Patroli ini merupakan bagian dari upaya preventif dan represif kepolisian dalam memberantas peredaran serta kepemilikan senjata api ilegal yang berpotensi mengancam keselamatan masyarakat dan mengganggu stabilitas keamanan wilayah. Kehadiran personel di lapangan diharapkan dapat memberikan rasa aman sekaligus meningkatkan kesadaran masyarakat terhadap pentingnya menjaga keamanan lingkungan.
Dalam kegiatan tersebut, personel Satgas Res Tindak Ops Senpi Musi 2026 juga menyampaikan himbauan kepada masyarakat agar tidak menyimpan, memiliki, membawa, ataupun menggunakan senjata api tanpa izin yang sah. Masyarakat yang masih menguasai atau menyimpan senjata api ilegal diimbau untuk segera menyerahkannya kepada kantor kepolisian terdekat guna menghindari konsekuensi hukum yang berlaku.

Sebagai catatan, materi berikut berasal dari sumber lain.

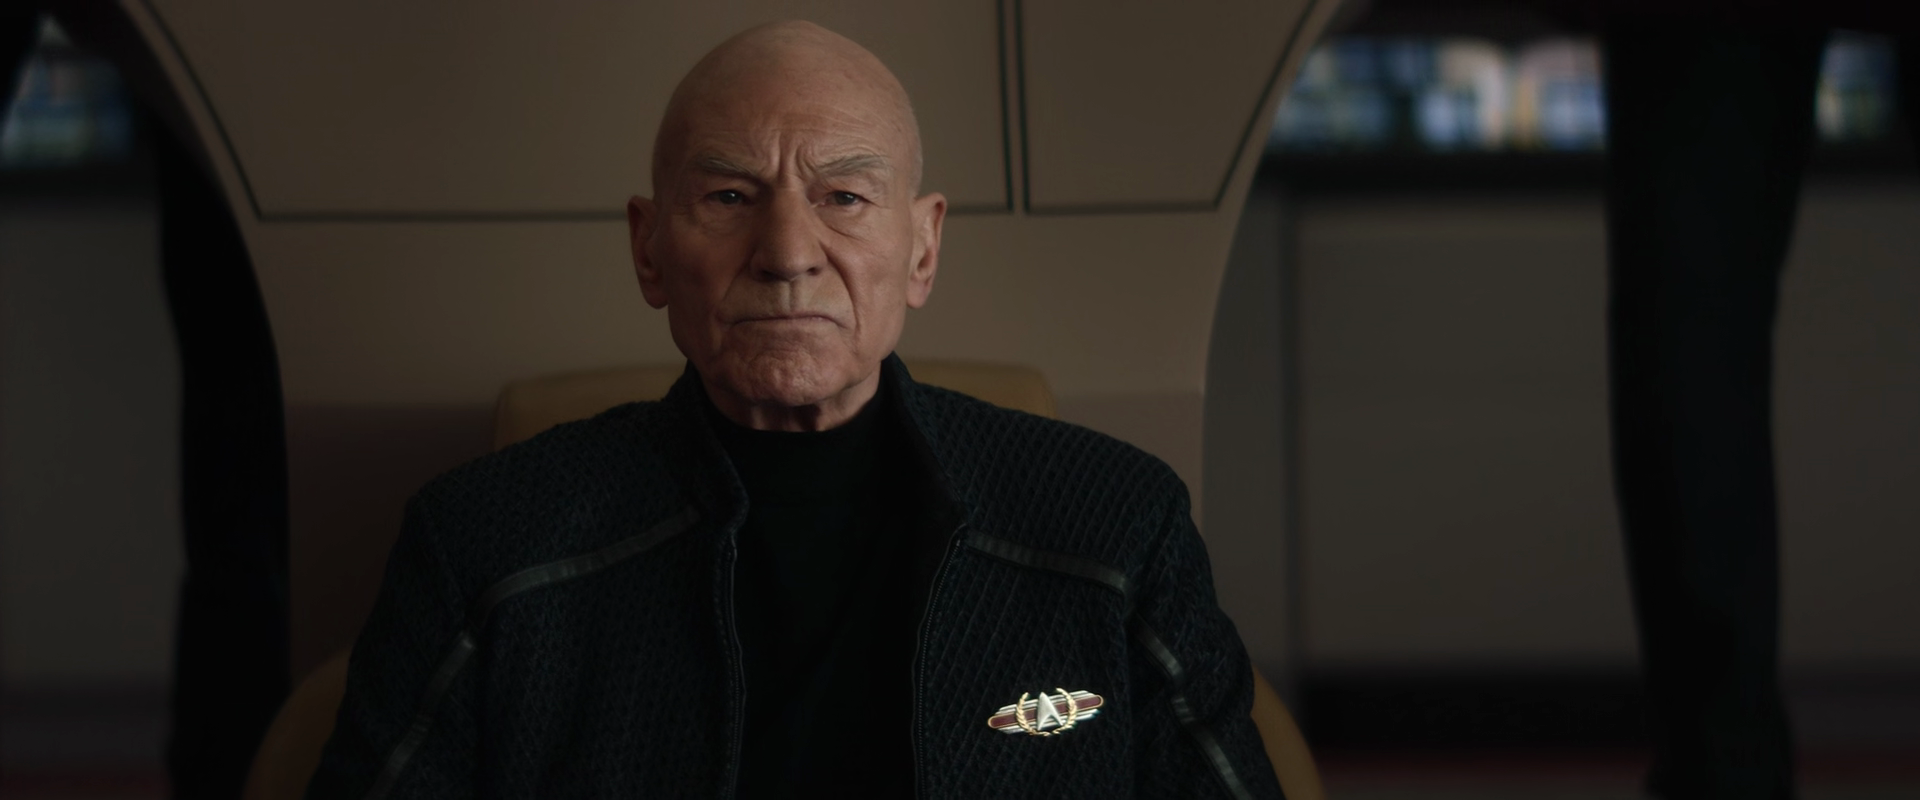 Picard (Patrick Stewart) prepares for a final showdown with the Borg in Star Trek: Picard Season 3 Episode 10 "Et in Arcadia Ego: Part 2" (2023), Paramount

Polrestabes Palembang menegaskan bahwa setiap pelanggaran terkait kepemilikan dan penguasaan senjata api ilegal akan diproses sesuai ketentuan hukum yang berlaku. Berdasarkan Undang-Undang Darurat Nomor 12 Tahun 1951, pelaku dapat dikenakan sanksi berat berupa pidana penjara hingga 20 tahun, hukuman seumur hidup, bahkan pidana mati.
Melalui Operasi Senpi Musi 2026, Polrestabes Palembang terus berkomitmen menciptakan lingkungan yang aman dan kondusif serta mengajak seluruh elemen masyarakat untuk bersama-sama memerangi peredaran senjata api ilegal demi terwujudnya Kota Palembang yang tertib, damai, dan bebas dari ancaman kriminalitas bersenjata.
INGAT! Setiap pelanggaran akan diproses hukum.
Jaga Diri, Jaga Keluarga, Jaga Kota Palembang!
Tanpa Senpi Ilegal, Hidup Lebih Aman!